I believe in optimism. I think I have finally realized that life is a positive experience. I believe that if we want to lead a happy life, all we have to do is see the glass as half full rather than half empty. Some may think that this idea seems stupid or cheesy. I really think that a little optimism can go a long way. When I get old, I don’t want to look back at my life and think, “Did I really affect anyone in a positive way? Did all that stress end up benefitting me or anyone else…at all?” No, instead I would much rather be able to look back at a life that was filled with happy memories, not sad ones.
I want people to realize that one person’s positive attitude can spread into a huge movement of happiness. Think about it: if one person walks into a room and is in a really good mood, and another person in the room is in a horrible mood, more than likely the positive person’s attitude will rub off on the negative person. So now there are two positive people and if they both leave the room they are in, they will probably encounter more negative people. If the two positive people’s attitudes rub off on all the negative people they bump into, eventually everyone in the world would end up with a positive attitude. Personally, I would much rather affect people positively with my attitude than be marked as someone negative or judgmental.
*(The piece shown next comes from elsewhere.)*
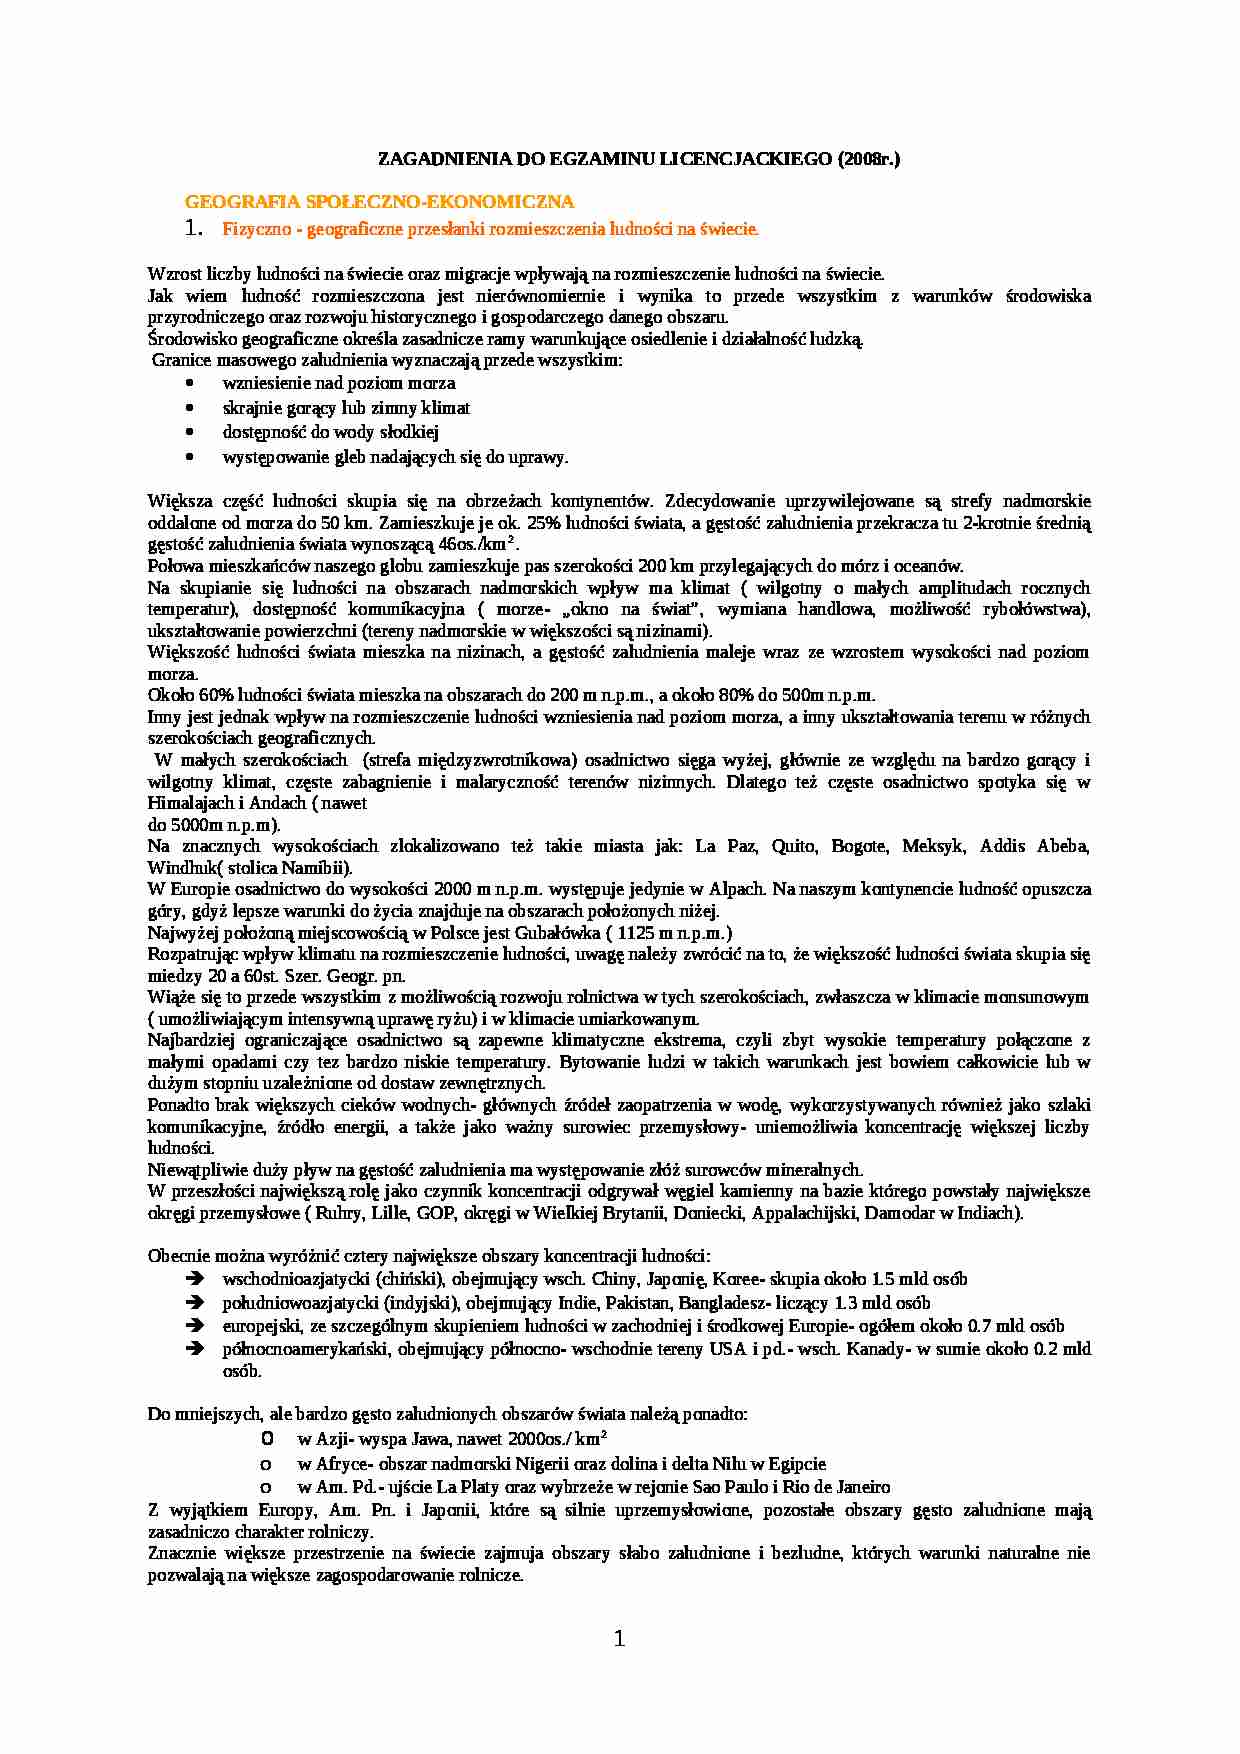 Zagadnienia na egzamin licencjacki 2008 - strona 1
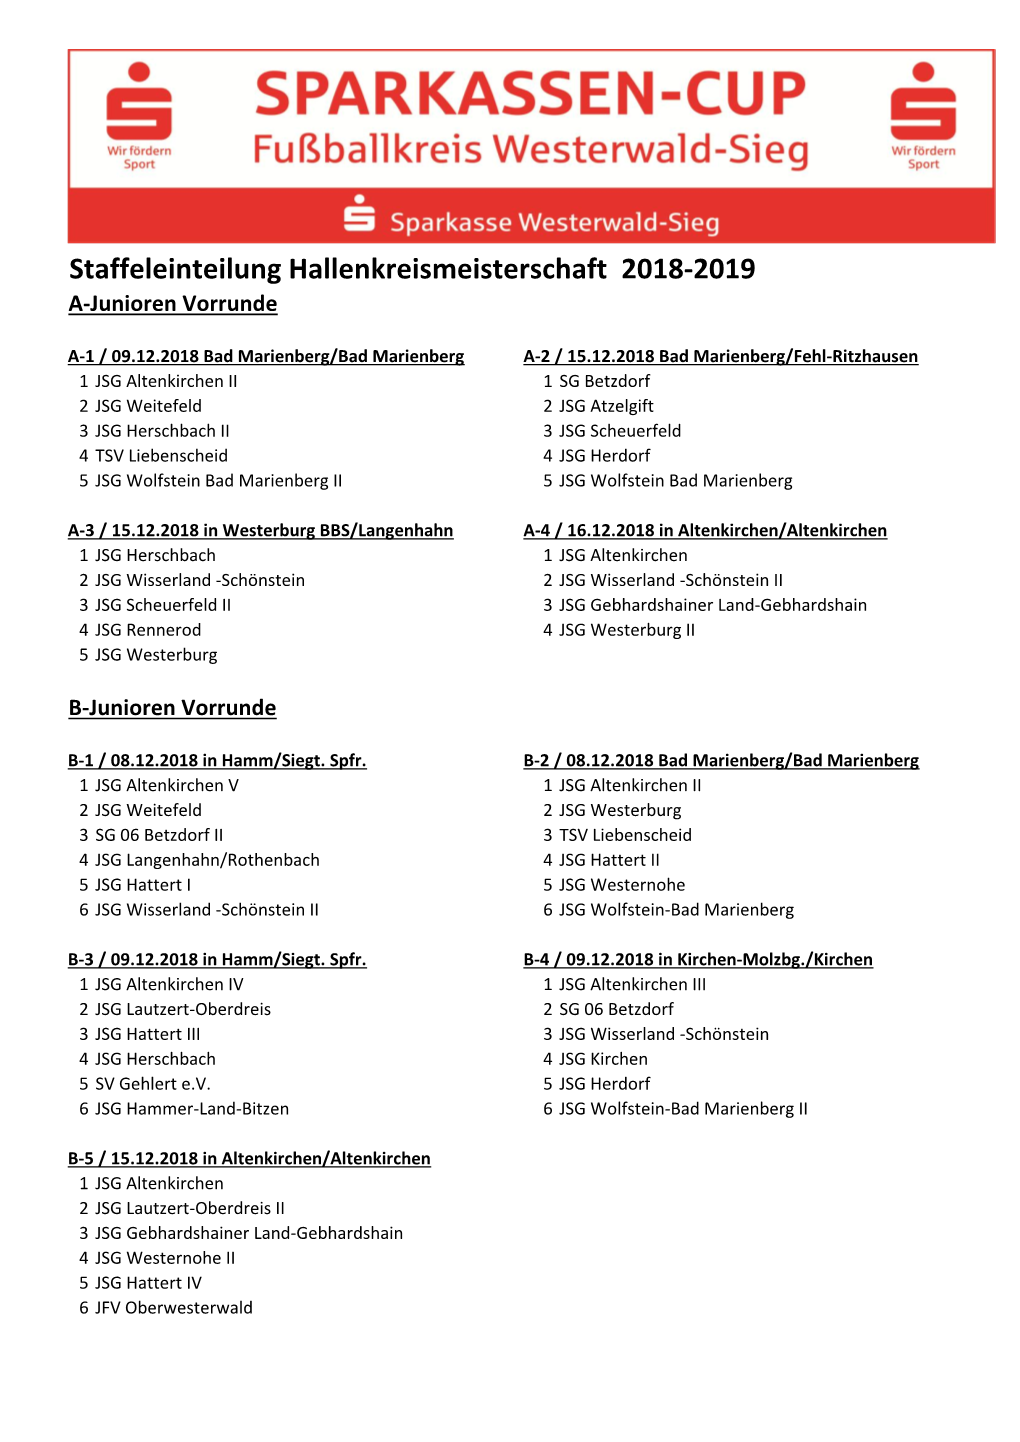 Staffeleinteilung Hallenkreismeisterschaft 2018-2019 A-Junioren Vorrunde

If we all are doing what we love to do and not spending our time judging everyone else, then maybe our world would be a more fun place to be. Five years ago, when I was in fifth grade, we studied astronauts. My teacher asked the class why we thought astronauts would want to go to the moon. Obviously, she was looking for an answer like, “because they can learn about other planets easier if they visit the moon.” Well, now that I’ve thought about it, I’ve come up with my own, slightly different response. I think astronauts want to go to the moon because they are trying to get the heck off of earth for a while and go somewhere peaceful. After all, nobody can bother you if you’re 24,000 miles away from them. In my experience, being judgmental has gotten me nowhere. I have come to the conclusion that nobody chooses how they are born; nobody chooses who their family is, what race they are, what sexual orientation they follow, or what activities they will enjoy. I believe that people are born the way they are because that’s the way they are meant to be. I think that if we accept each other for who we really are then we will all be happier, both with ourselves and our peers.
Why is it that when I was a child, I was so open and positive? Why did I grow out of it? I know I could benefit from acting like a child every now and again. When I was little, I remember being so happy. Not only some days, like I am now, but always. I often think about how when I was younger I wished I was an adult. Now that I’ve grown more, and am caught awkwardly in between youth and adulthood, I find myself wishing for both. For some reason it seems that you either have to be a little kid or an adult to be happy. When I’m swamped at school, I wish I was a kid, still stuck in that phase when you are excited to do homework at night. When my parents won’t trust me with a big responsibility or I want to be more independent, I wish I could somehow skip the next few years and magically form into adulthood, when I wouldn’t have to listen to anyone but myself.
Negativity has taught me so many lessons about who I am and who I hope to become in the future. Positivity, on the other hand, has taught me so much more. Nobody can be happy and positive all the time, but I believe that I should try just a little harder to reach the goal of being an optimist. Maybe that would make everyone happier. I believe that I can be happy if I don’t let the little things get to me. I believe that everyone has happiness inside of them. And I believe that all we have to do is add a little optimism in order to absolutely adore living life.